### Assignment:
Once you find the line with "Bvlgari Hotel London", output it and every line after it exactly, through the last line of the listing, but no pictures.

### Recorded information:
>>>>
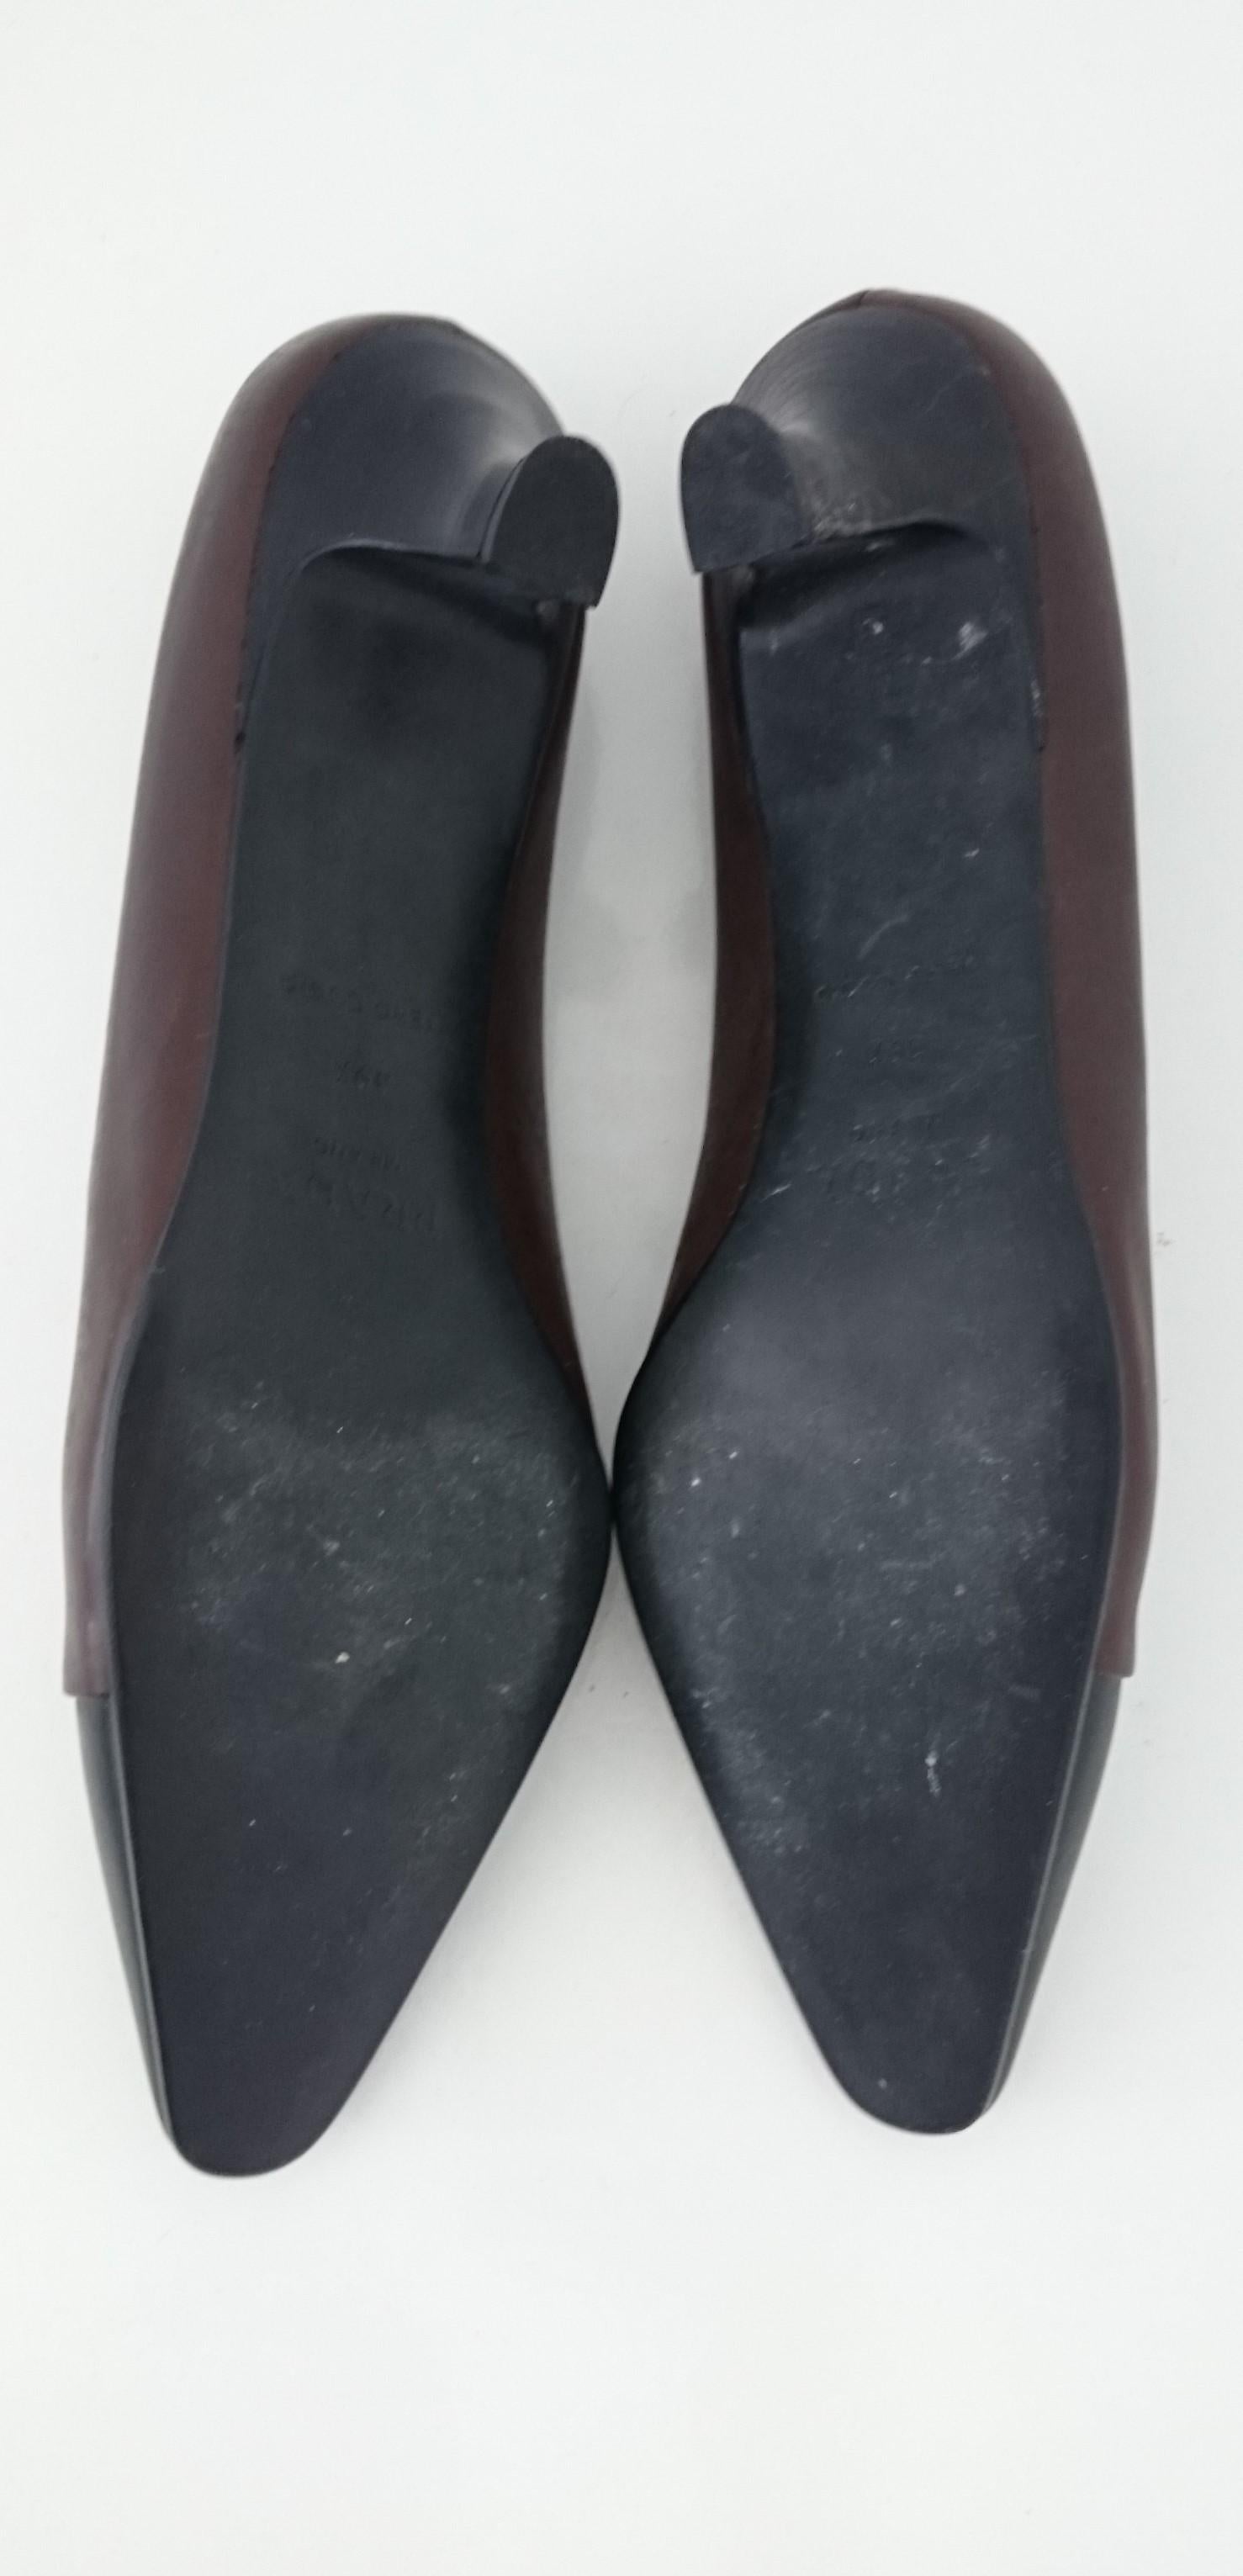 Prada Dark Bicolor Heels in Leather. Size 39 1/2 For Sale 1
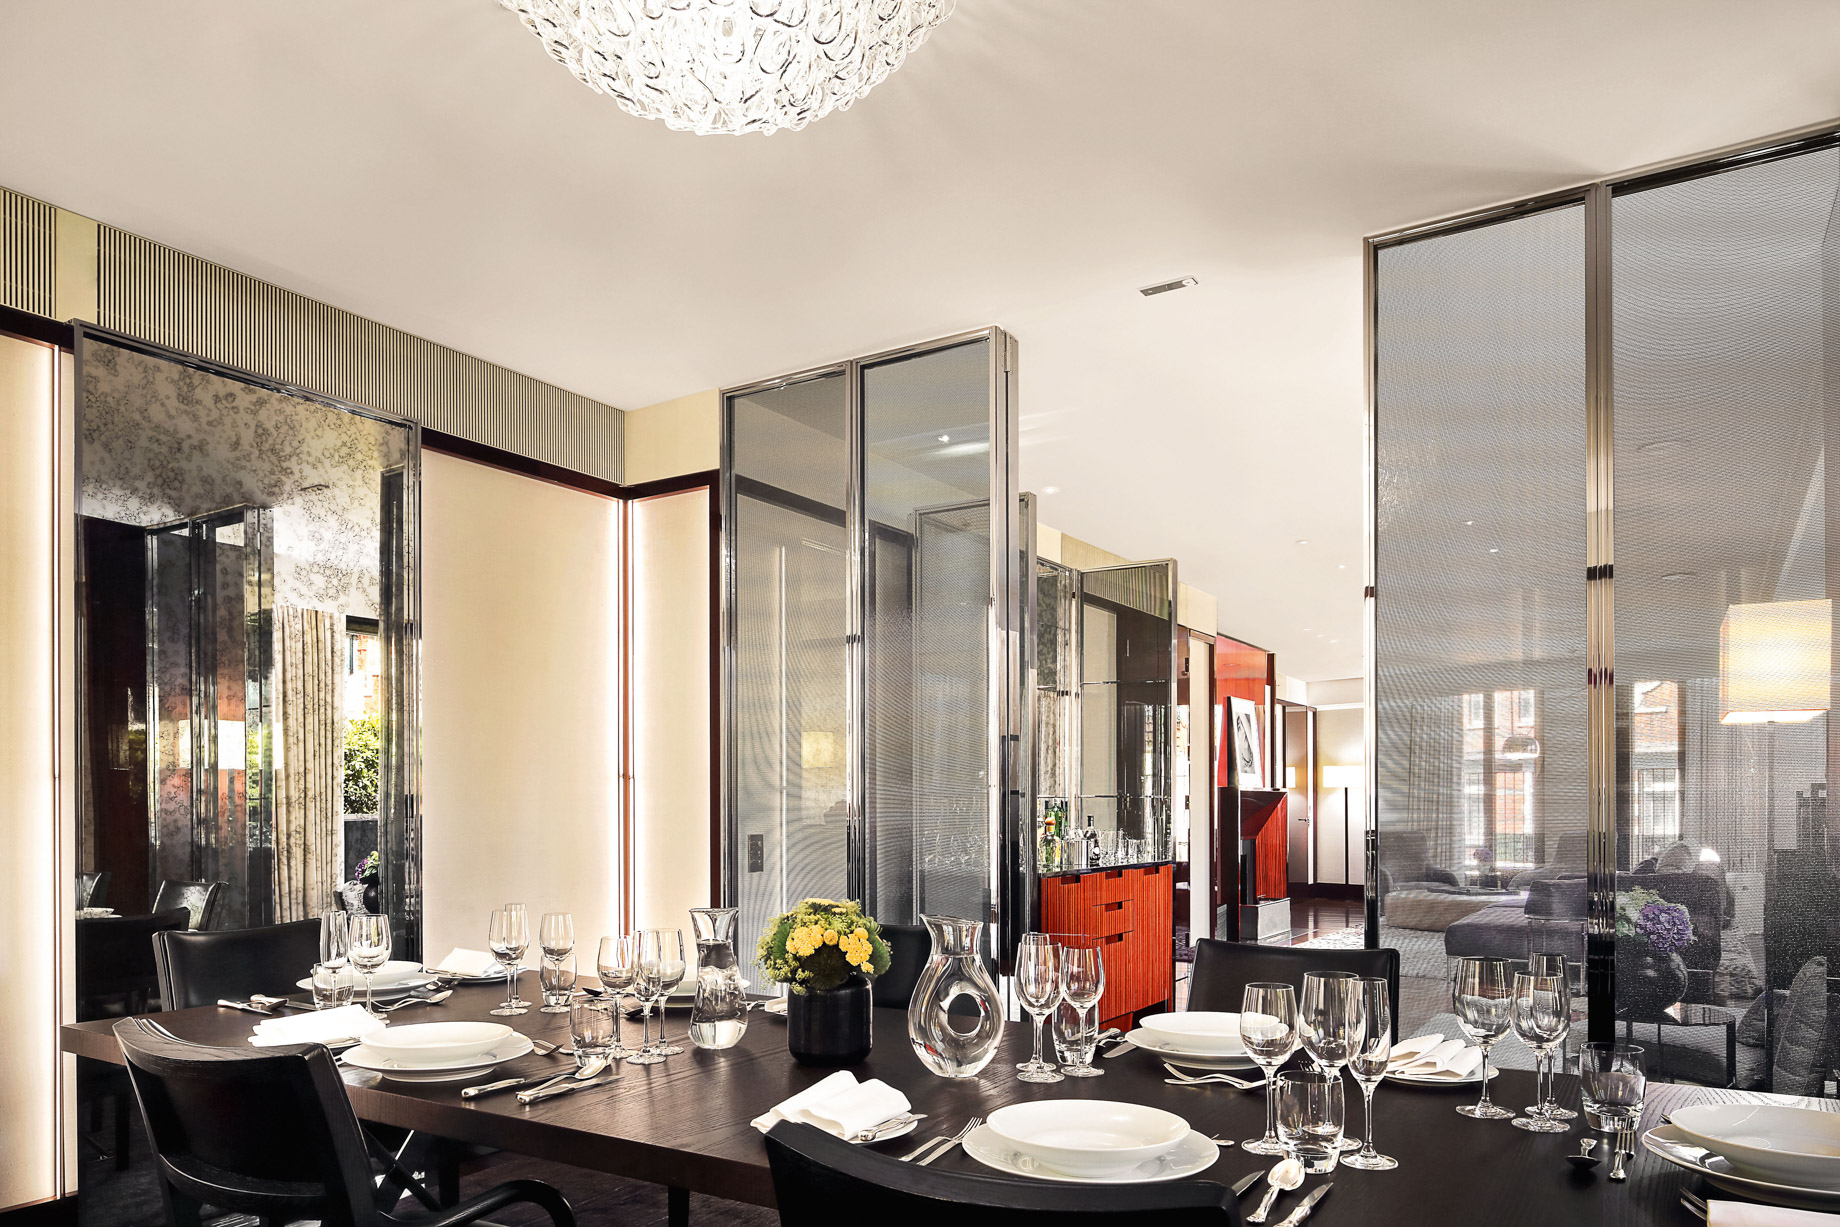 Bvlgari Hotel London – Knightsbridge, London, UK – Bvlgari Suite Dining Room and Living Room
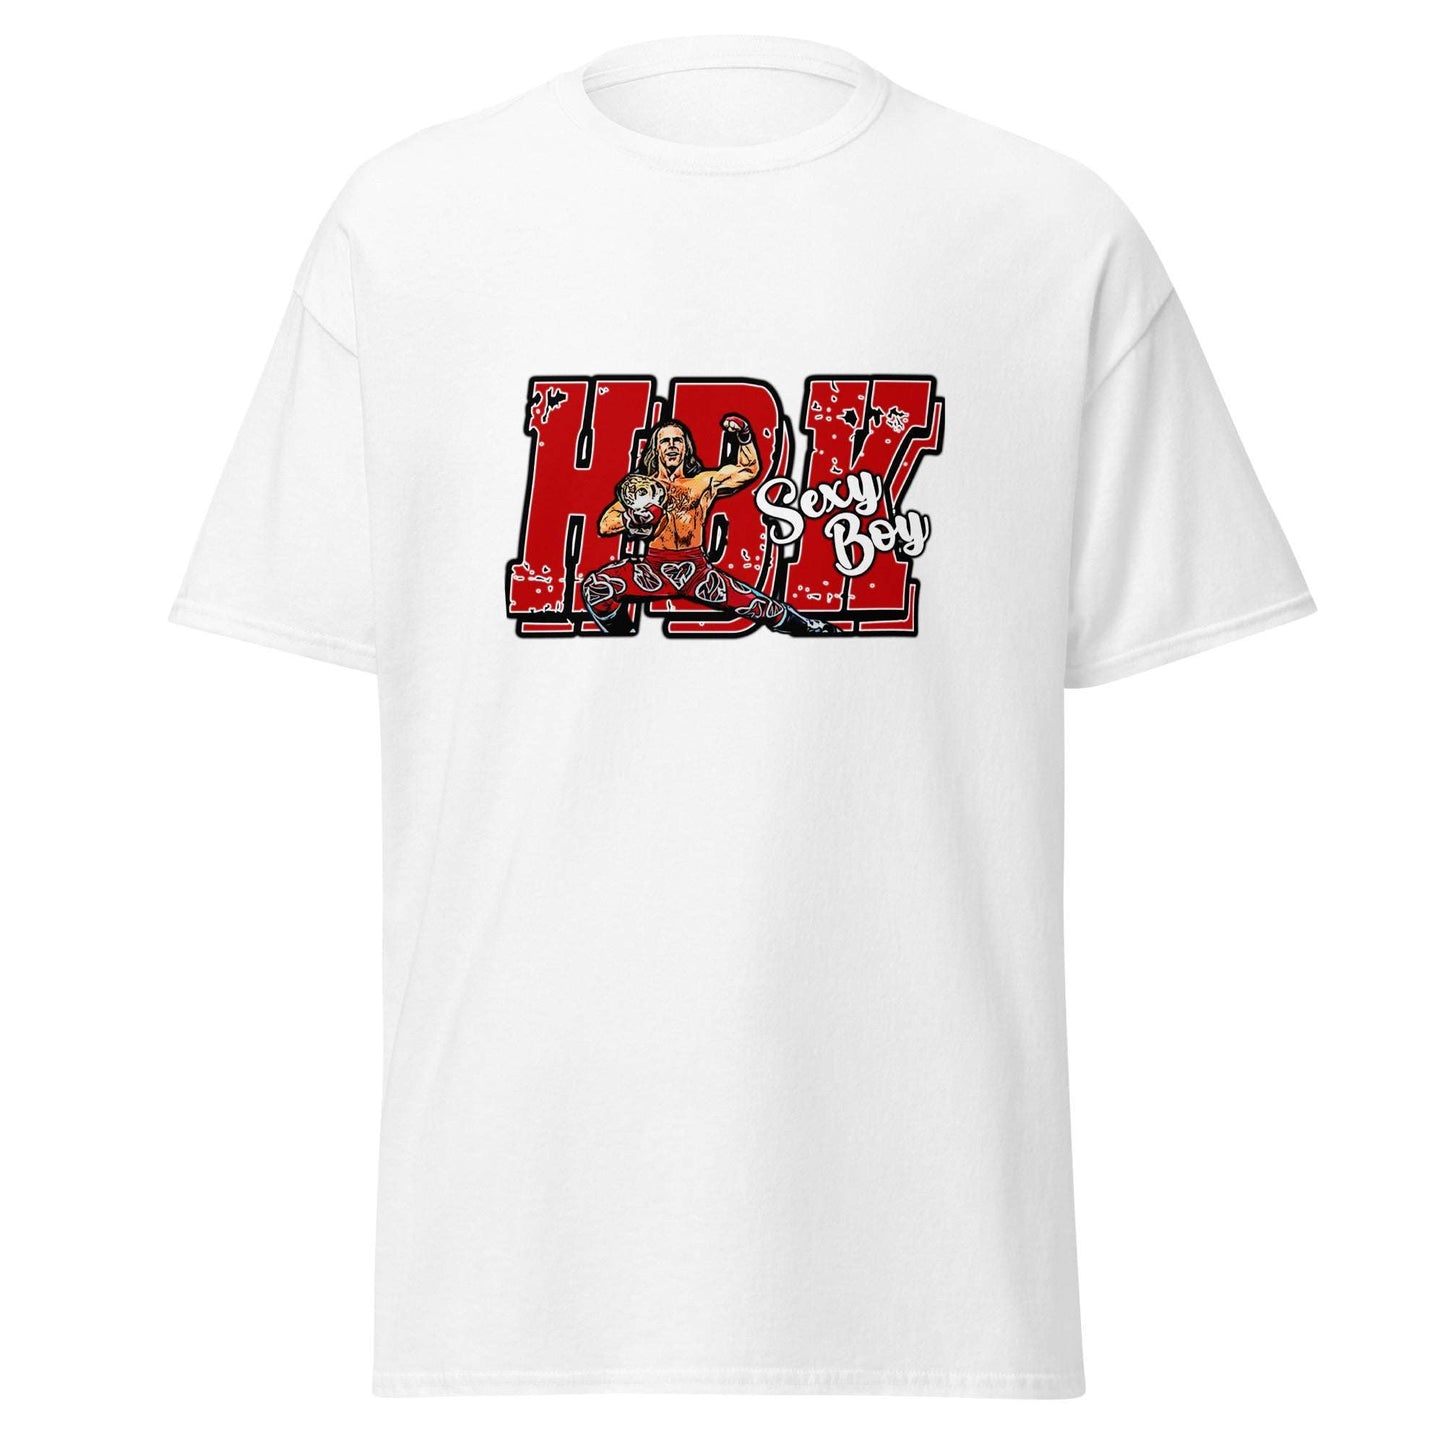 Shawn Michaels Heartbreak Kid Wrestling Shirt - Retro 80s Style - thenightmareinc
<<<<
### Result of the task:
 Bvlgari Hotel London – Knightsbridge, London, UK – Bvlgari Suite Dining Room and Living Room
 Shawn Michaels Heartbreak Kid Wrestling Shirt - Retro 80s Style - thenightmareinc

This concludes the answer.